Pollinex subcut, given into middle third of upperarm.  2 versions: Trees, and 13 grasses incl rye. 3 injections at 7-14 day intervals each year (£450 each), before season starts.  Maintenance kit of 4 vials also available, presumably if additional benefit thought possible.  Manufacturer recommends using for 3 successive years. Asthma and beta blocker treatment are relative contraindications.  Age 6+, not in SMC at all. [Metanalysis, Chest 2008; 133:589, Journal of Allergy & Clinical Immunology. 115(4):676-84, 2005 Apr.]

Some evidence for short course – in multicentre study of adults (not UK) with grass mix SPT positive rhinitis, 8 subcutaneous injections of placebo or Lolium perenne (LPP) were administered in 4 visits (2 jabs each visit, 30 mins apart, different arms) over 3 weeks between January and April. Combined symptom and medication score (CSMS) measured over the peak pollen season was reduced 15.5% (P = .041) during the peak period and −17.9% (P = .029) over the entire pollen season. Also lower rhinoconjunctivitis QOL global score (P = .005) compared with placebo group.

Asthma

Dhami metanalysis immunotherapy for asthma in kids – symptoms improved, less medication, esp HDM, grass, cat/dog. Not just severe asthma! But no prolonged benefit.
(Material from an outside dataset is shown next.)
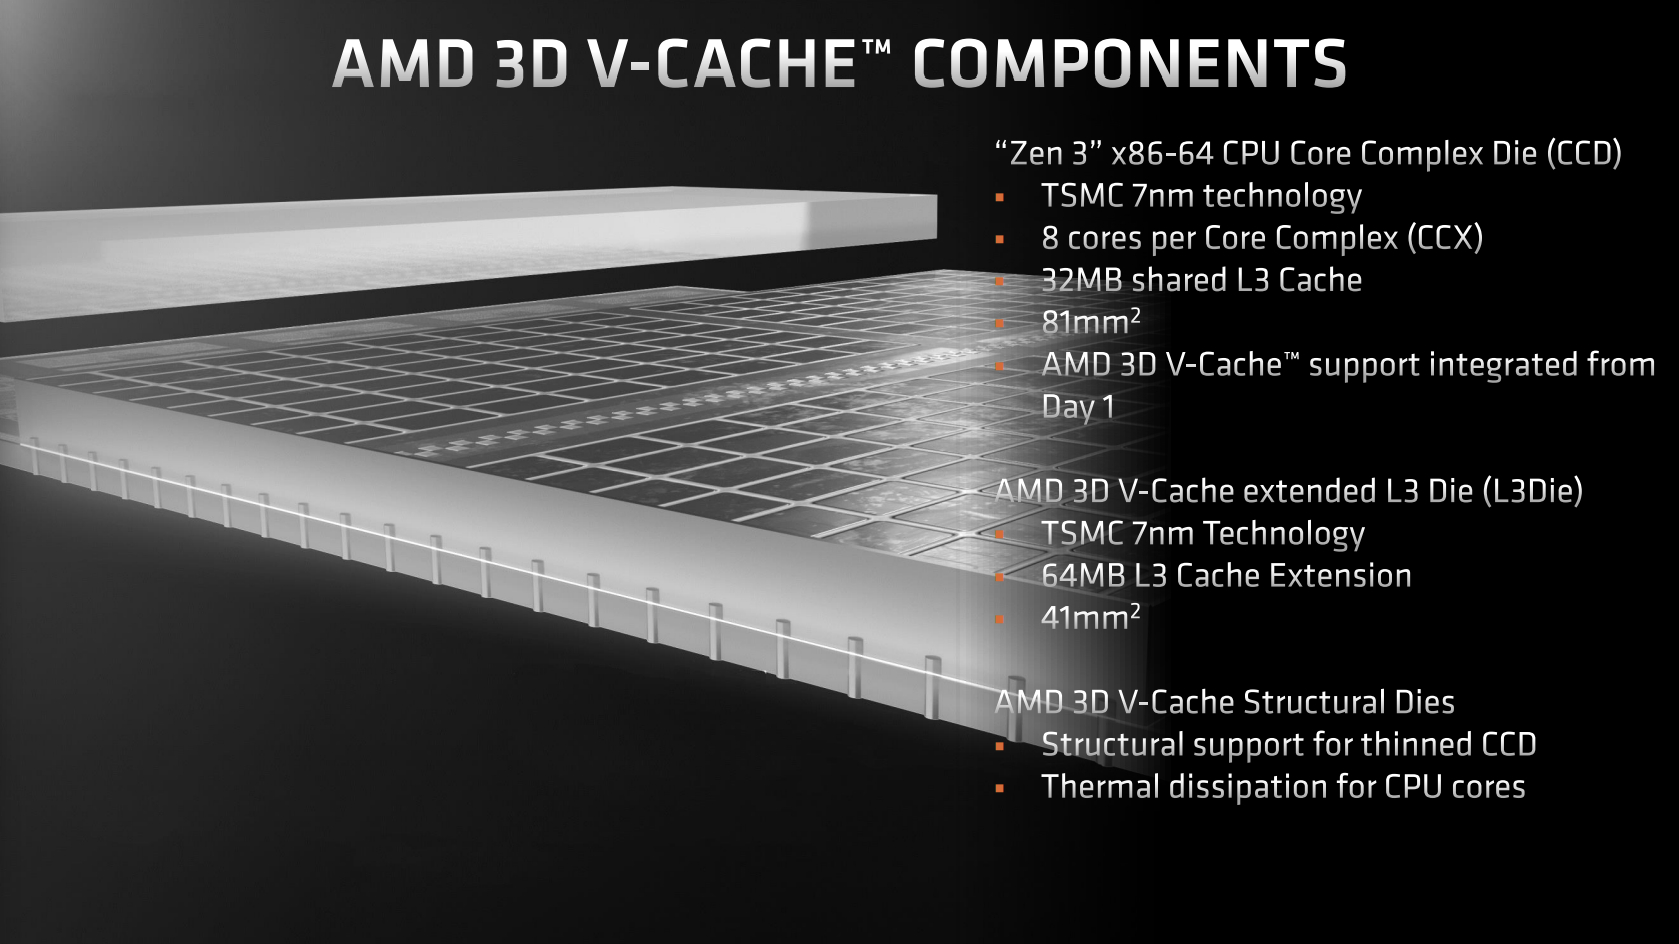 AMD 3D V-Cache design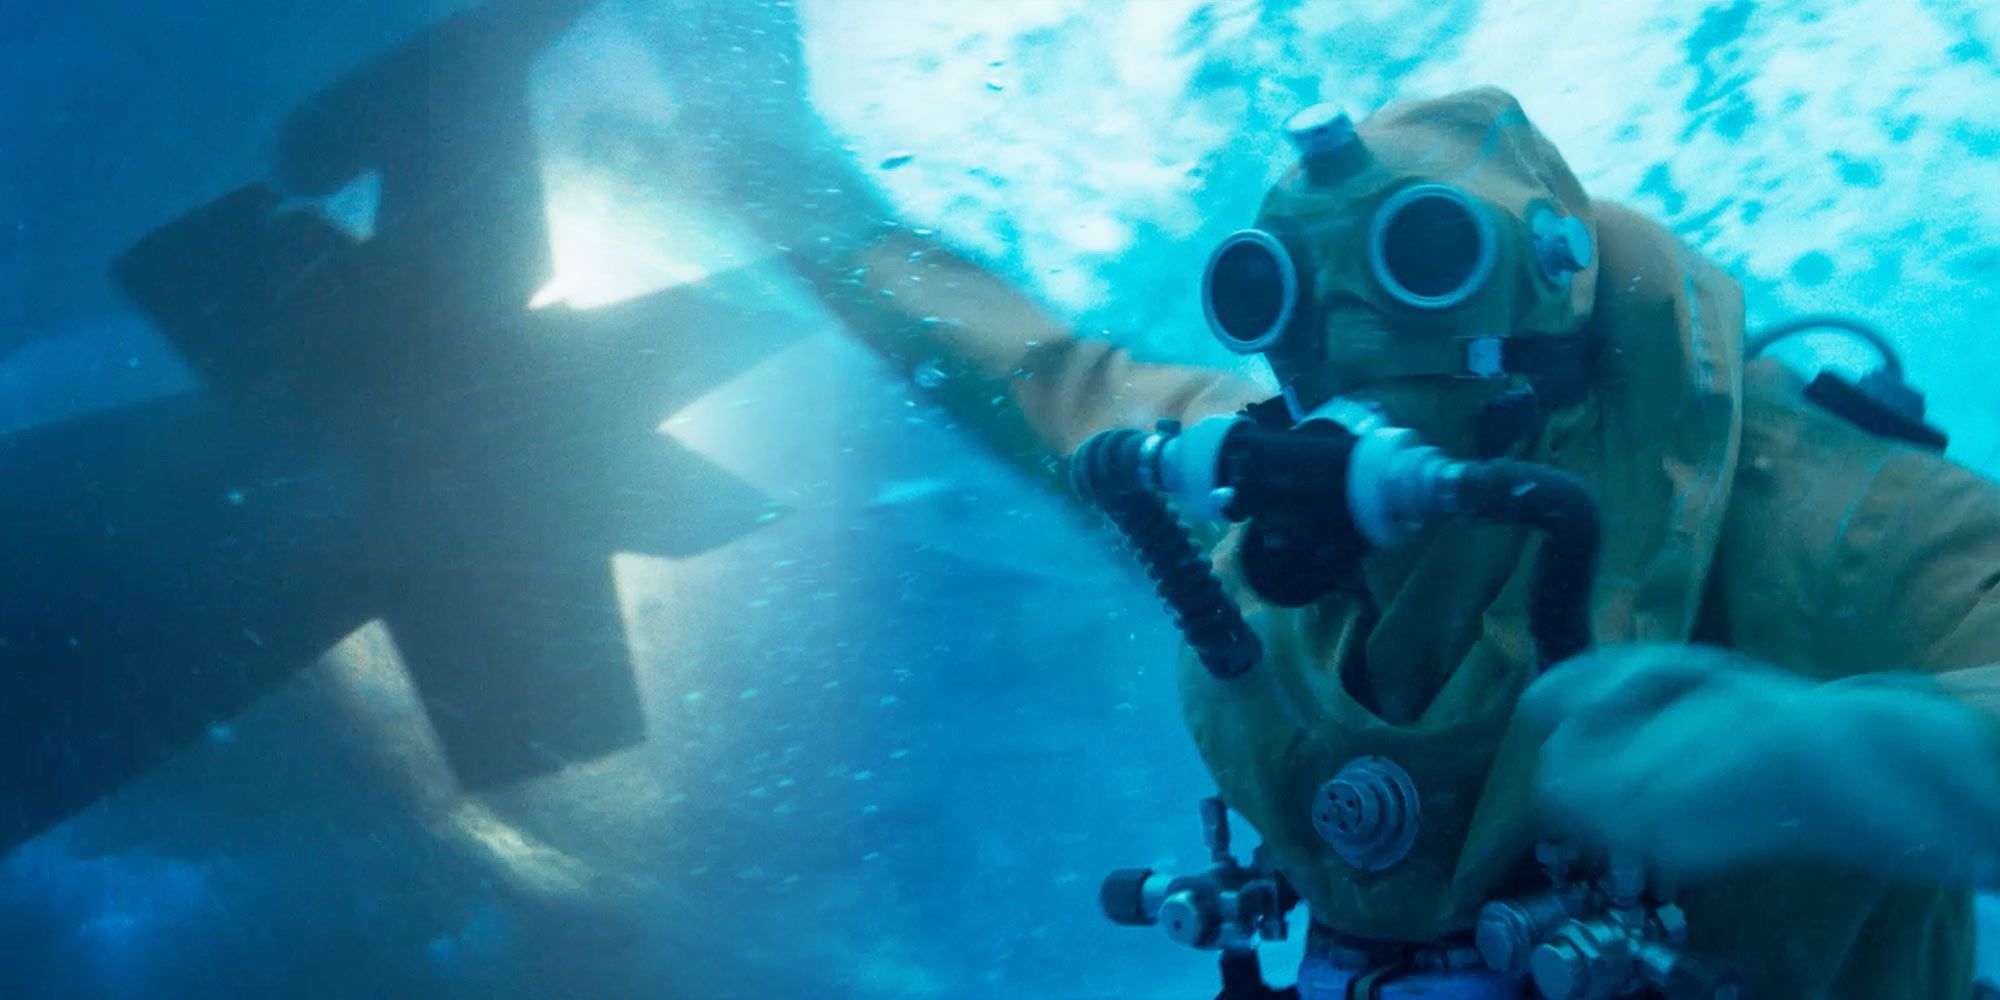 mission impossible 7 underwater submarine scene

1 study of adults with poor control, HDM. Reduces time to first exacerbation.

Mite allergy prevention study n=111 HDM treatment effective. 2002 PAT study reduced asthma at 10yr follow up after grass/pollen treatment.

[Gillian Vance, Newcastle]

Eczema

House dust mite immunotherapy with SLIT (3 doses per week) shown to have some benefit in RCT from Brazil (66 children and adults) using SCORAD eczema severity questionnaire. Placebo group showed 35% improvement over 18 months, SLIT group showed 55%. No difference in Dermatology Life Quality index, pruritus score or any of the various other measures used!